But, that page  is great!


----------



## patrikia

Hola,
Secundo lo que decía Vikingo, me parece que una traducción exacta no existe. Colegio comunitario, como lo usan en el website tejano, funciona en un contexto americano, pero no en uno latinoamericano o español en donde colegio más bien hace pensar en un lugar de estudios primarios, secundarios o al máximo de bachillerato (a menos que se hable de colegio de abogados etc, en cuyo caso no es un lugar de estudios). Si la traducción es para un público americano, creo que funciona colegio comunitario. Si no, tal vez convenga usar universidad comunitaria, seguida de una pequeña explicación.
¡Saludos!


----------



## mandarina_82

I'd would say "Instituto publico de formacion profesional "

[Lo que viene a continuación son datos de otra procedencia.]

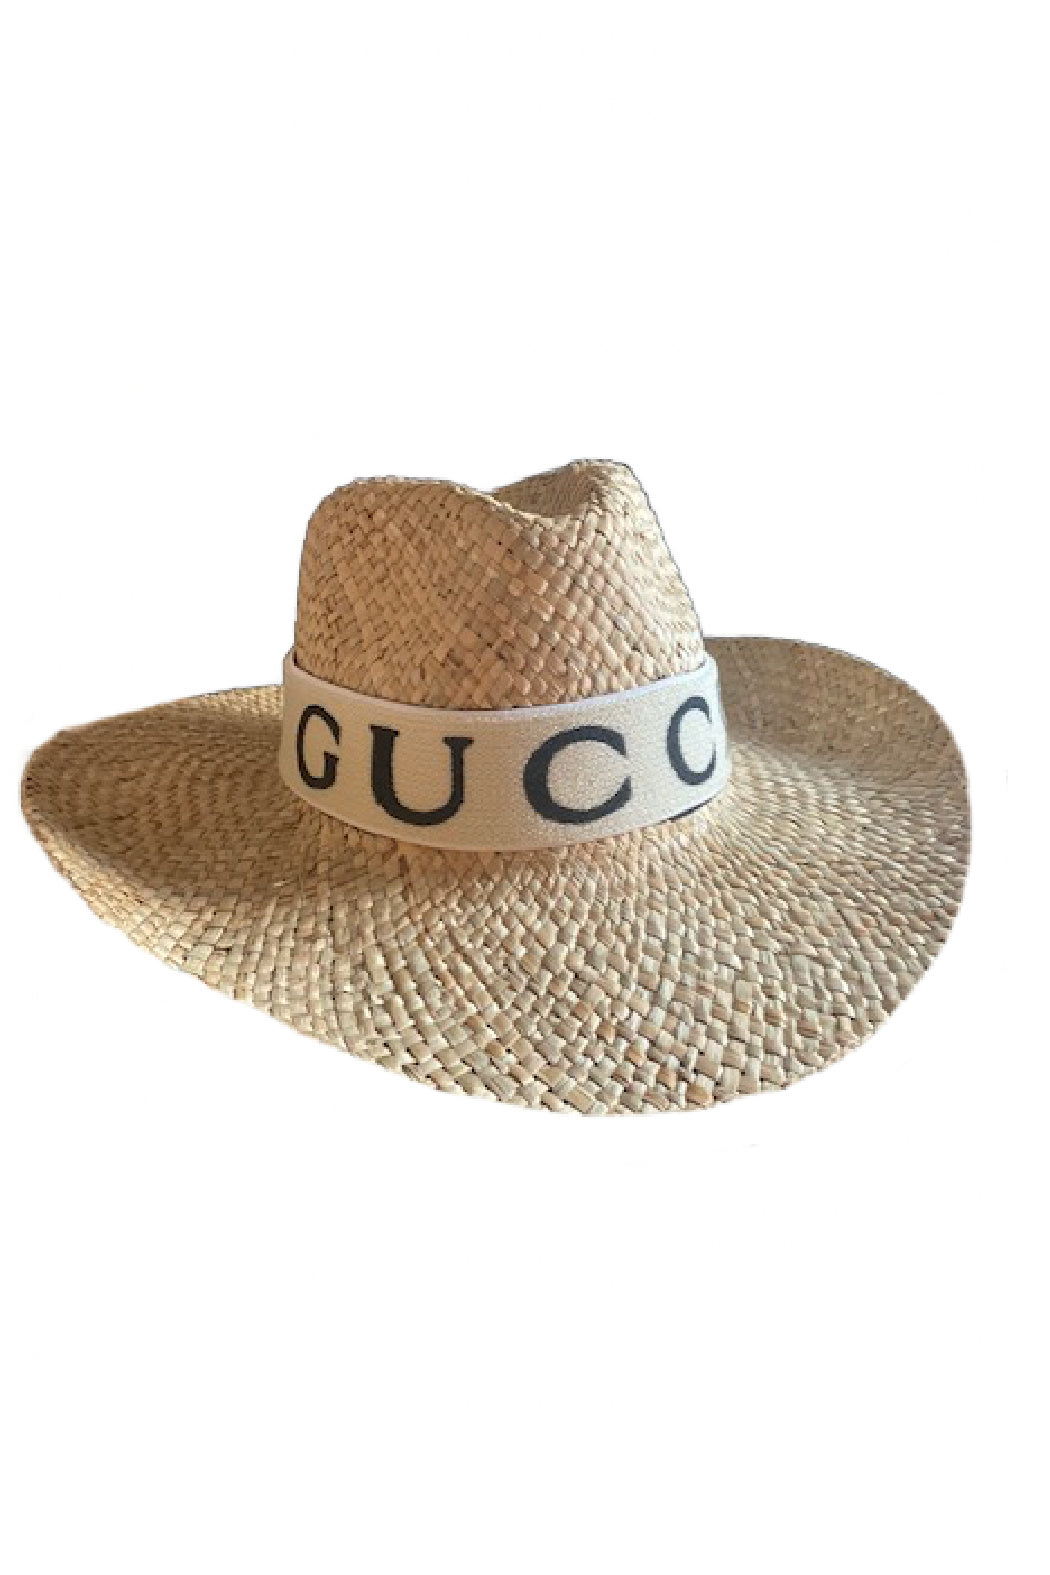 G Banded Upcycled Panama Hat

In my opinion community refers to public, and in spanish is more appropiate to say "public" , but we use to say "Instituo de formacion profesional", public is supossed.

You may alsa say "Centro de formacion profesional" but the previous one is better.


colegio comunitario doesn't make any sense , neaither "universidad popular", what's that? is maybe the PP involved in it? haha


----------



## patrikia

Hola,
Hice una búsqueda rápida en Google y en España existen universidades populares en Cartagena, Cieza, Zaragoza y Cáceres; en México, en Puebla y Chontalpa; en Argentina, en Buenos Aires; en Cuba, existió la Universidad Popular José Martí.
Dicho eso, "universidad popular"; no necesariamente traduce bien el concepto de "community college" que implica un centro de nivel universitario que ofrece un grado menor a la licenciatura (pero que permite a los estudiantes la opción de completar sus créditos para una licenciatura en un "college" no comunitario o universidad).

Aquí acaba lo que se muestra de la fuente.